Friday, 27 July 2012

270712 ♥

Hi. Not really excited or looking forward to tmr. LOL. Tmr : tuition. Tuition. Home. Eat. Bath. Dinner. Band concert.
Peiqin and Ruiyao said that I wanna go for band concert it's because of him. And I say no it's not. Is it really because of him ? I don't know.
This week. Is totally shitty. I don't see him much. I don't see him tweet much. And I thought I'm like slowly forgetting him. Who knows. When they just mention him. I feel a bit depress. I don't know why.
I'm so tired of waiting. So tired of who I'm. So tired of the current me. So tired of almost everything.
Now I am so busy. Yet I still keep thinking of you. School. CO. MTDC. Tuition. Kept me very occupied. However, I still keep thinking of you. Dear brain and heart, stop thinking and waiting. He's not gonna be yours. Not now, not the future. Never.
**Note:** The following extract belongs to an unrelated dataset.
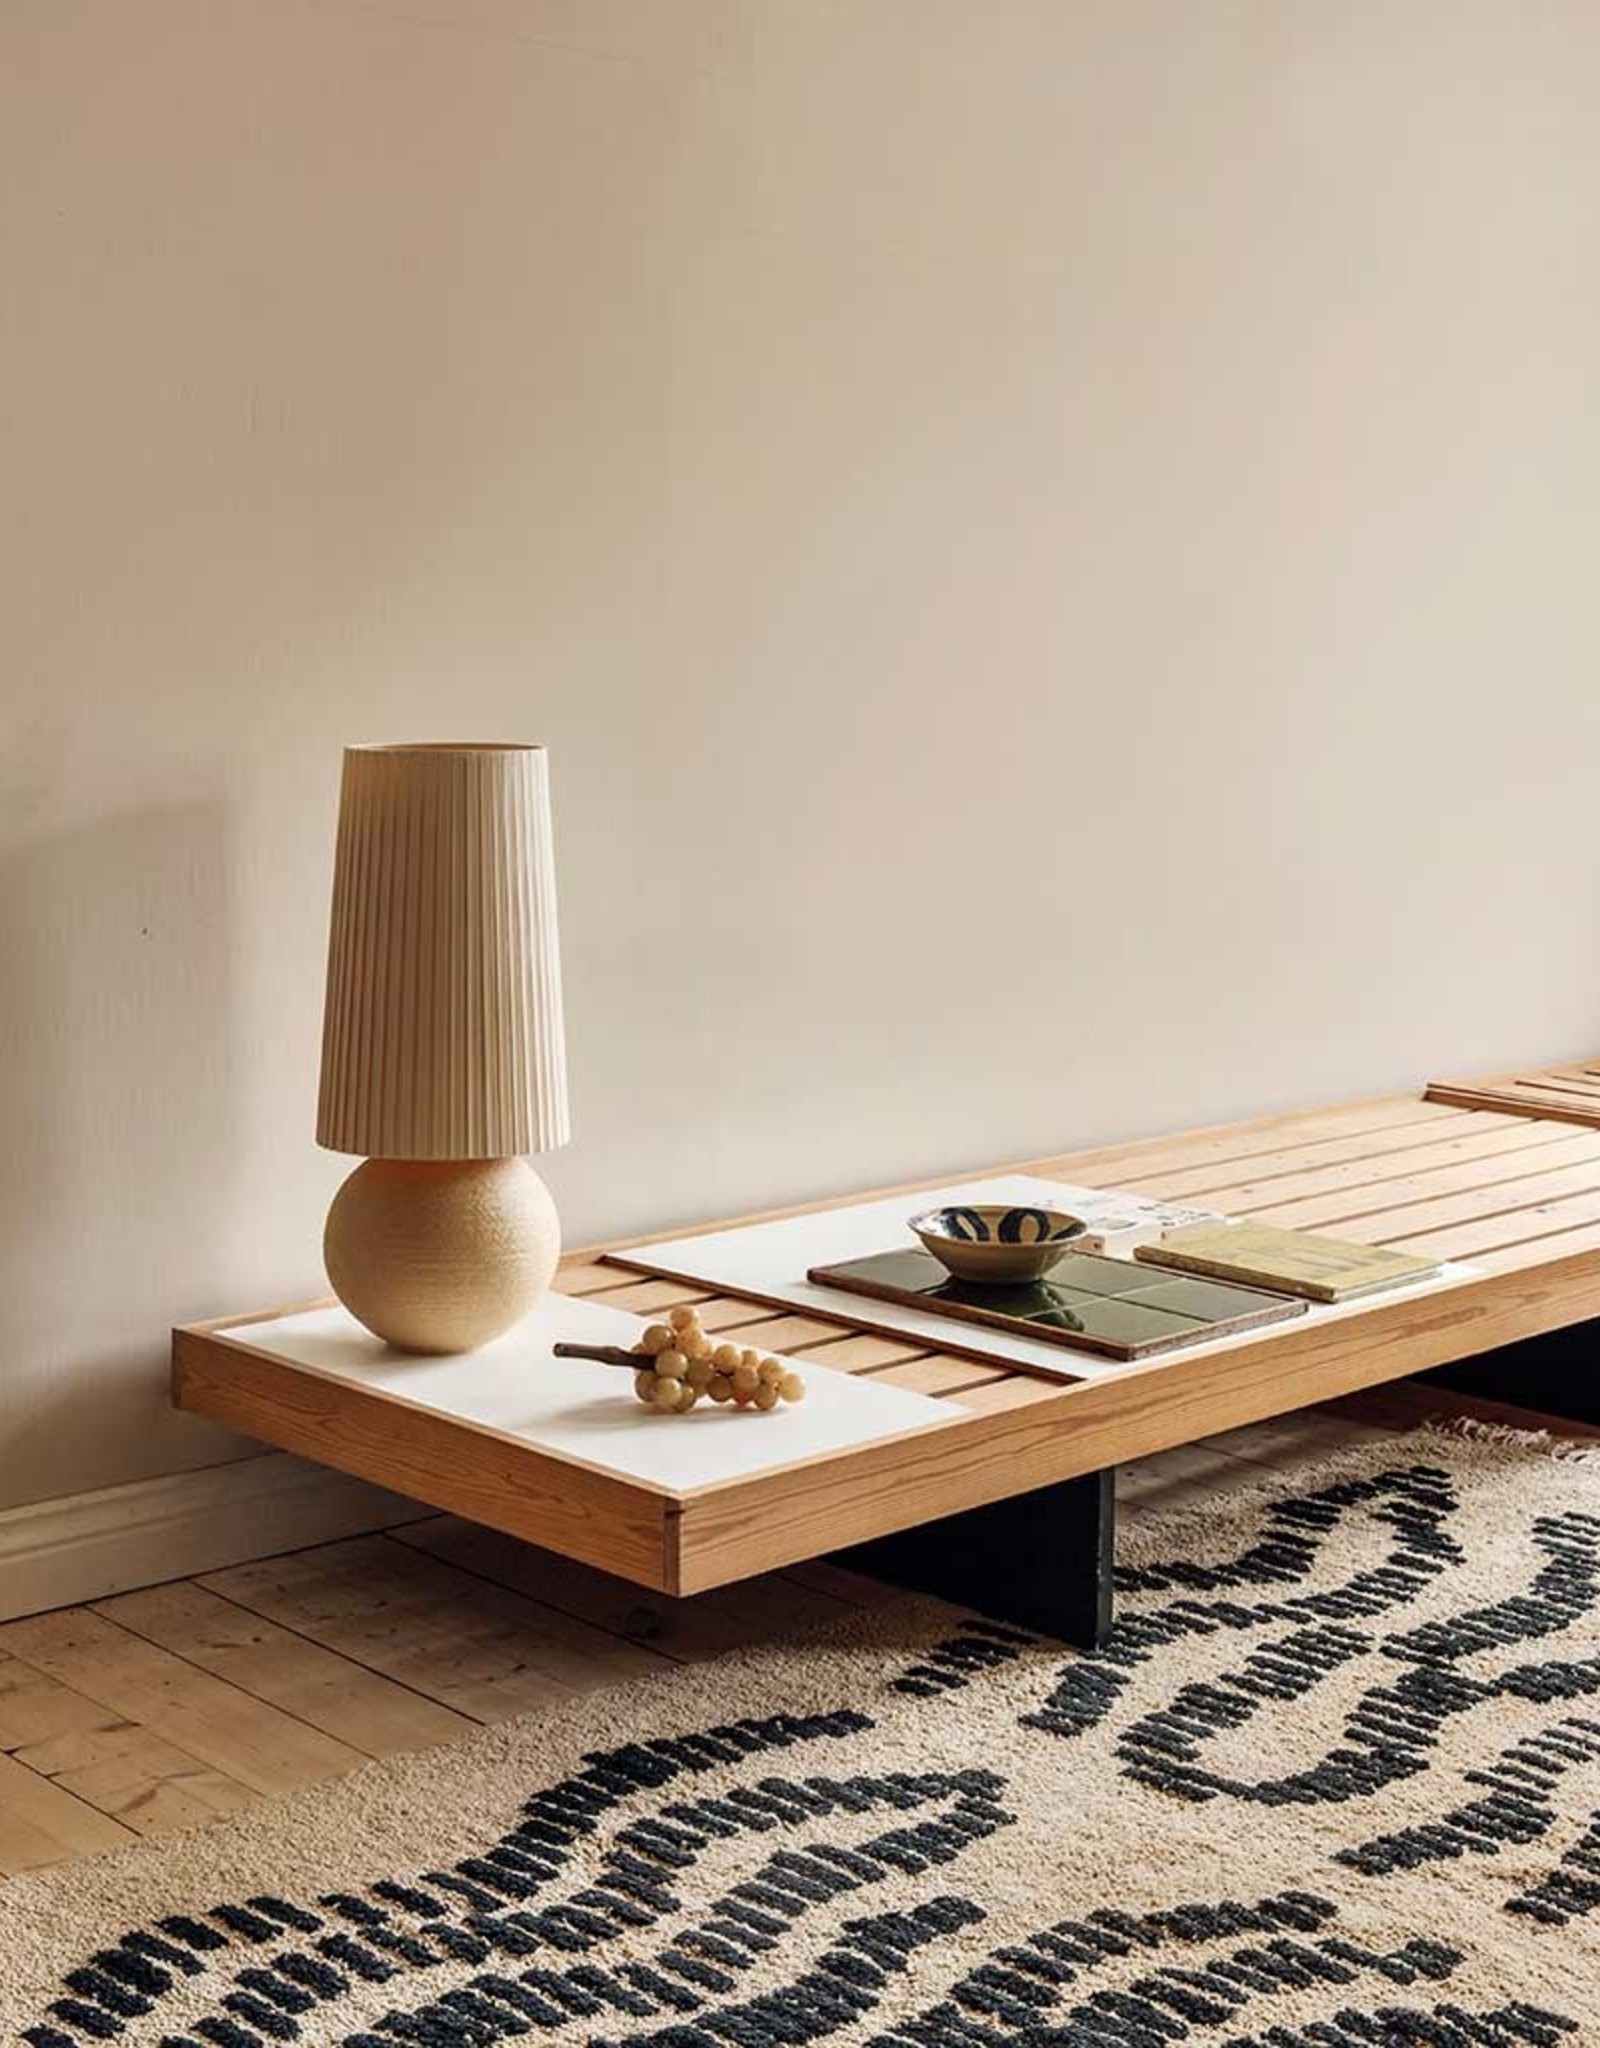 Finarte 'Dyyni' rug recycled cotton

I wanted to quit mtdc as I have no time. But, if I don't go for mtdc, I would have more time. And that means more time to think of him. Stress. What should I do? Now I'm so busy, I don't even have time to do my homework. I have to finish it and would normally stay up till 11.30 to 12. And when I go to bed, I keep thinking of him. And that make me cant sleep. Now, have you seem how much you affected me and my life?